*EXERCISE*
The material below holds the lines to copy: from the one with "Brother MFC 8220 Service Manual and Parts-1" up to and including the one with "802.11s and Easymesh|IPQ5018". Copy them exactly and skip the pictures.

*RECORDS SUPPLIED*

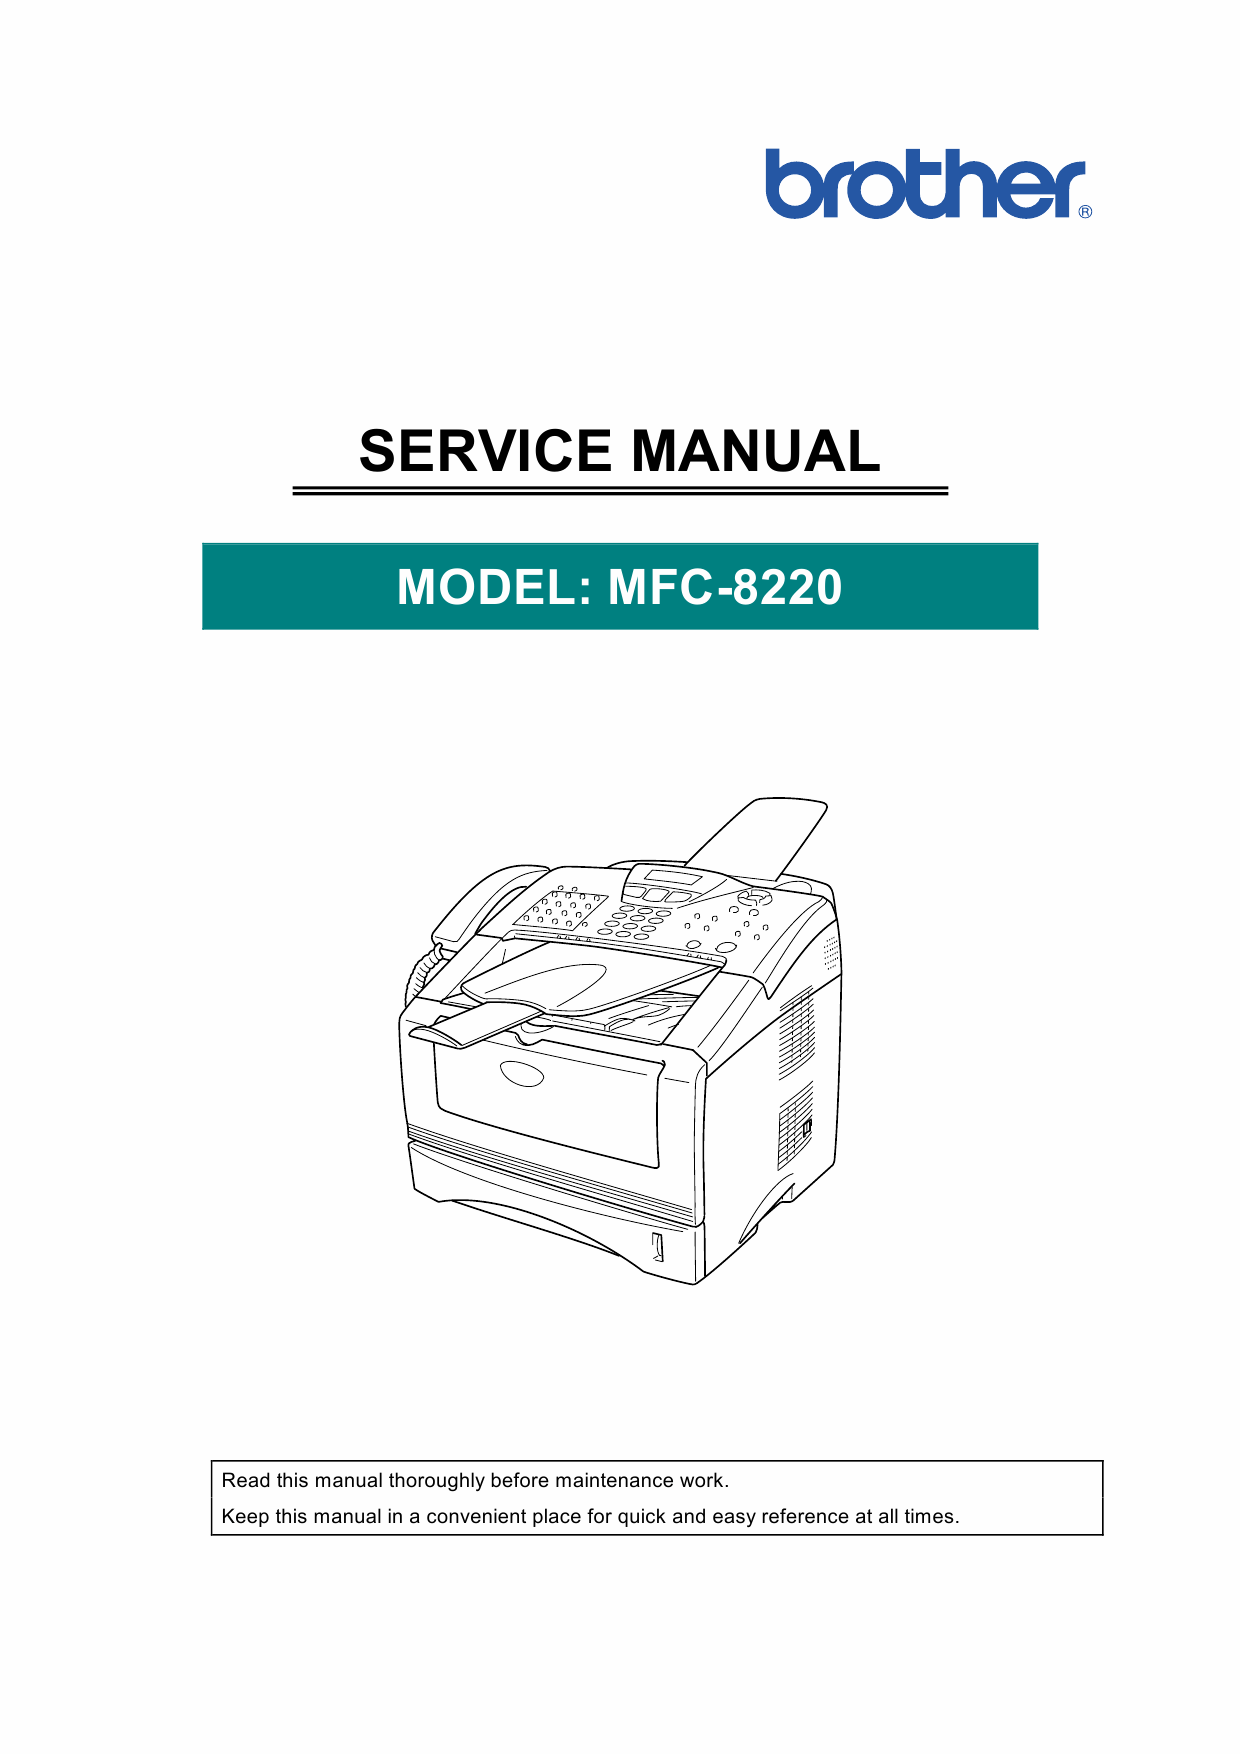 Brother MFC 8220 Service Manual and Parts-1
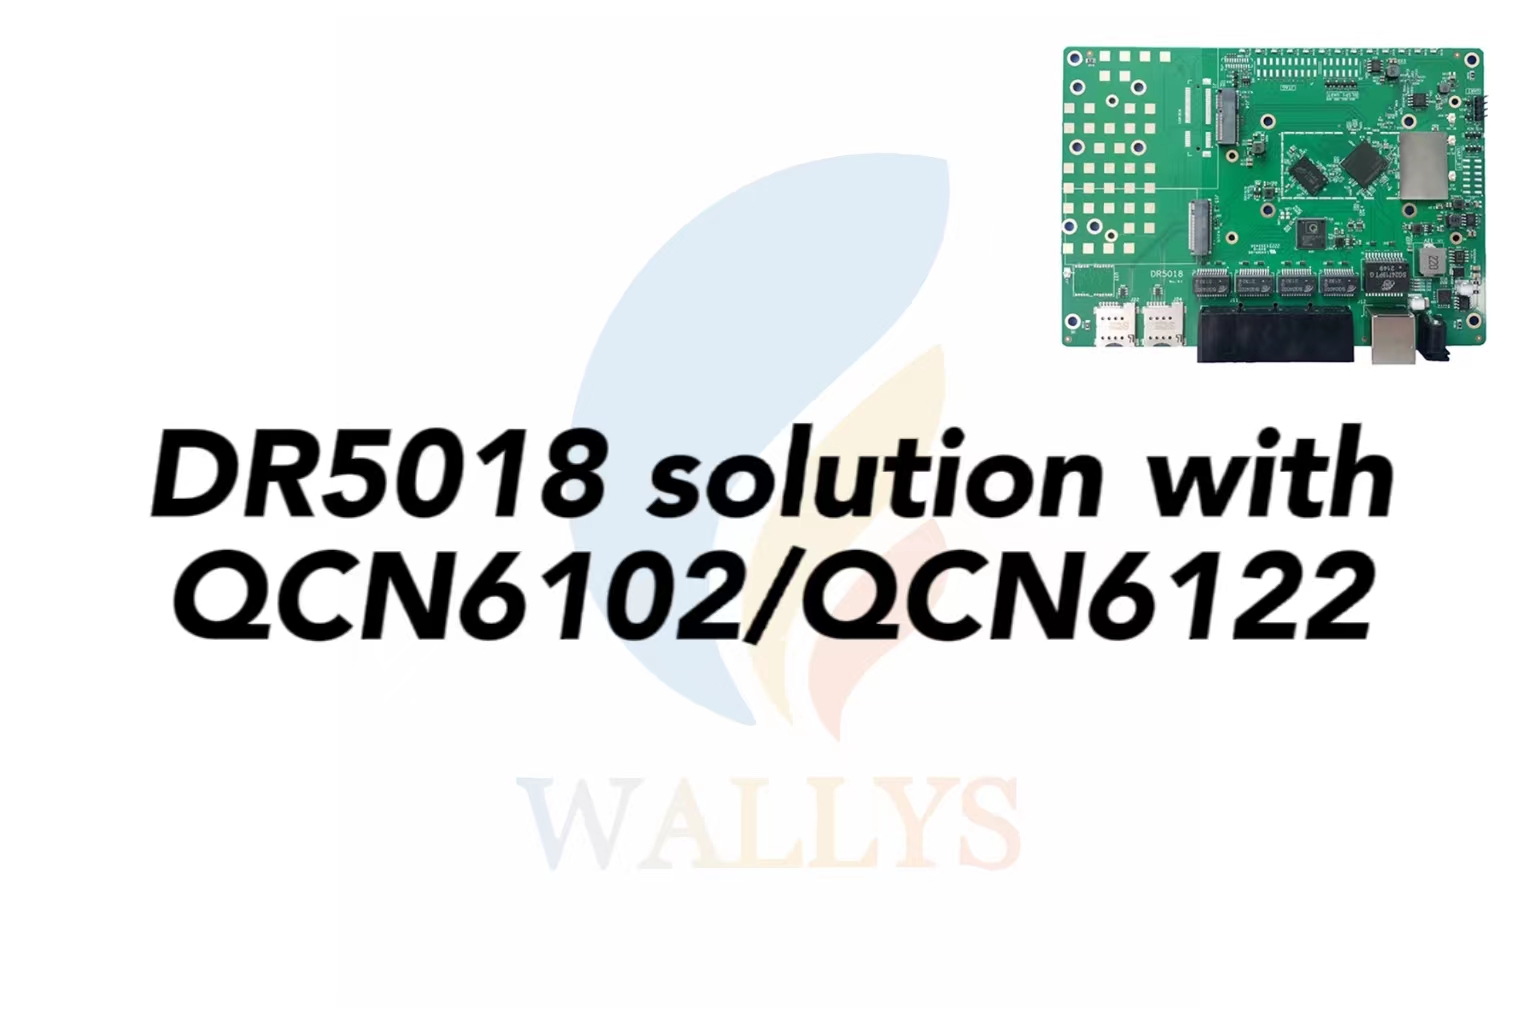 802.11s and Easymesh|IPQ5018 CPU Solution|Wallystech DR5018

* * *

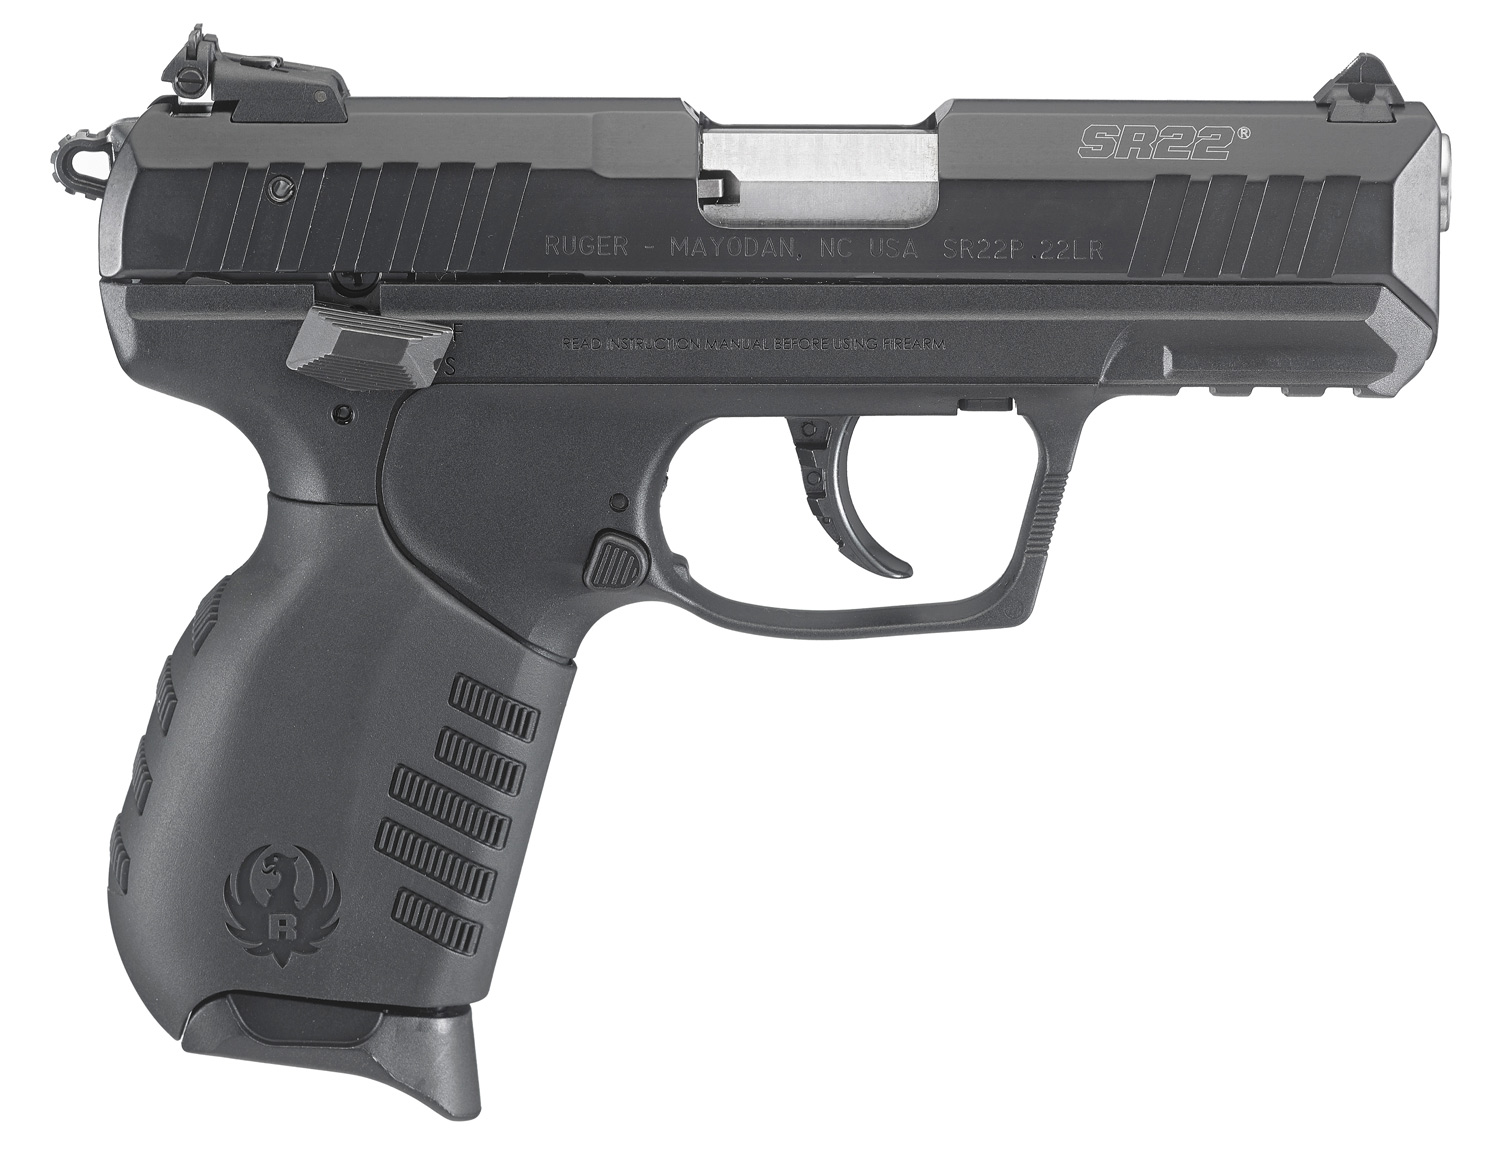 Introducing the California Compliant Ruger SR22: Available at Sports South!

*OUTPUT FOR THIS TASK*
 Brother MFC 8220 Service Manual and Parts-1
 802.11s and Easymesh|IPQ5018 CPU Solution|Wallystech DR5018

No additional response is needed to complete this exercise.